Dr. Rainu Kaushal, chair of the Department of Healthcare Policy and Research at Weill Cornell Medicine and physician-in-chief of healthcare policy and research at NewYork-Presbyterian/Weill Cornell Medical Center, and Dr. Deborah Estrin, a professor of healthcare policy and research at Weill Cornell Medicine and associate dean for impact at Cornell Tech, have been elected to the National Academy of Medicine (NAM).
NAM members are elected by their peers for outstanding achievements in their fields and exceptional service, and membership is one of the highest possible honors in health and medicine. Drs. Kaushal and Estrin are among 100 new members announced Oct. 21 at the NAM annual meeting in Washington, D.C.
Dr. Kaushal was recognized for her outstanding achievements and exceptional service in medical sciences, healthcare and public health.
“I’m incredibly honored to have been elected to the National Academy of Medicine, which is such an important institution for improving health and informing healthcare policy,” said Dr.
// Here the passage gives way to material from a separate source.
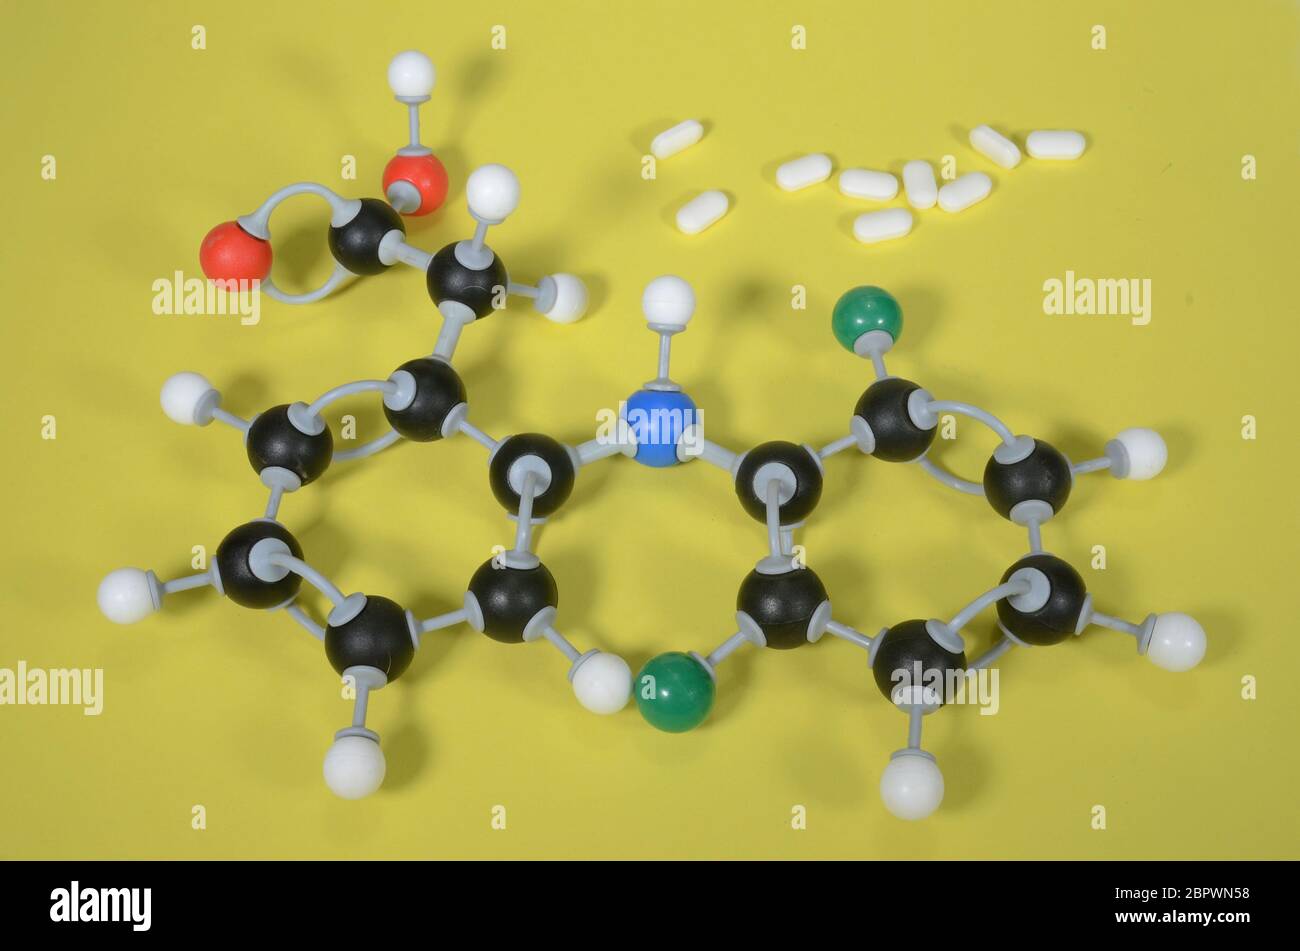 Modello molecolare di Diclofenac, il principio attivo in molti antidolorifici. Il bianco è idrogeno, il nero è carbonio, il rosso è ossigeno, il verde è cloro e il blu Foto Stock

Kaushal, who is also the Nanette Laitman Distinguished Professor of Healthcare Policy and Research and a professor of medicine and of pediatrics at Weill Cornell Medicine.
Dr. Estrin was recognized for her research leveraging mobile devices and patient-generated data.
“I take this as validation of the growing importance of patient-centric digital health,” said Dr. Estrin, who is also the Robert V. Tishman ’37 Professor of Computer Science at Cornell Tech. “I am deeply grateful to all of my clinical collaborators over the years, and particularly to my colleagues at Weill Cornell Medicine.”
For over 25 years, Dr. Kaushal has made significant contributions to pediatric patient safety, health information technology, and value-based healthcare delivery. An information scientist and health services researcher, Dr. Kaushal’s work has influenced healthcare policies and the clinical research landscape in the United States.
Dr. Kaushal’s research has established the importance of targeted measures in improving patient safety and the intricacies of health information exchange. Her seminal investigation illuminated that children are three times more likely than adults to be harmed by medication errors. She then led several key studies on interoperable health information technology, an important method of improving patient safety, that informed the national Meaningful Use Program at Health and Human Services.
Dr. Kaushal has also created large-scale urban data liquidity by integrating trillions of health, biological, social and healthcare data points through the creation of a clinical data research network. Most recently, she has conducted pioneering research on value-based healthcare delivery, particularly focused on the role of social complexity.
Dr. Kaushal earned her medical degree from Harvard Medical School, and completed her clinical residency as an inaugural resident at a combined program at Brigham and Women’s Hospital and Children’s Hospital in Boston, becoming board-certified in both internal medicine and pediatrics. She received a master’s degree in public health from the Harvard School of Public Health during her research fellowship. Dr. Kaushal joined Harvard Medical School’s faculty until she came to Weill Cornell Medicine and NewYork-Presbyterian/Weill Cornell in 2006. She has held several leadership positions at Weill Cornell Medicine, most recently as the chair of the Department of Healthcare Policy and Research. A committed educator, she has established four master’s programs, a doctoral program, and a research fellowship with 200 students matriculating annually.
An author of over 200 papers in various scientific publications, Dr. Kaushal is a frequently invited speaker at national and international meetings as an expert on patient safety, healthcare information technology and value-based care. She also serves on boards and advisory committees, including most recently for the Patient-Centered Outcomes Research Institute, the National Institutes of Health and the National Academy of Medicine. Her many awards and recognitions include selection in the Executive Leadership in Academic Medicine program and being named one of the Crain’s Notable Women in Healthcare in New York City in 2018.
Dr. Estrin’s work focuses on accelerating data-driven driven personal health management by applying internet architecture and mobile sensing concepts. She is also at the forefront of creating a comprehensive, multi-disciplinary mobile health research community.
Dr. Estrin is founder of the Jacobs Institute’s Health Tech Hub and directs the Small Data Lab at Cornell Tech, which develops new personal interfaces and applications for individuals to harvest the small data traces they generate daily. She also co-founded the nonprofit startup, Open mHealth, which builds open standard, open source tools and a community to bring greater access to mobile health data. She has served on several scientific advisory boards for early stage mobile health startups, and in 2018 was awarded a MacArthur Foundation fellowship. She is also a member of the American Academy of Arts and Sciences and the National Academy of Engineering.
Before joining Cornell University in 2013, Dr. Estrin was on the UCLA faculty, where she was founding director of the National Science Foundation Center for Embedded Networked Sensing (CENS), pioneering the development of mobile and wireless systems to collect and analyze real time data about the physical world. She has a bachelor’s degree from the University of California at Berkeley and a master’s degree and doctorate from the Massachusetts Institute of Technology.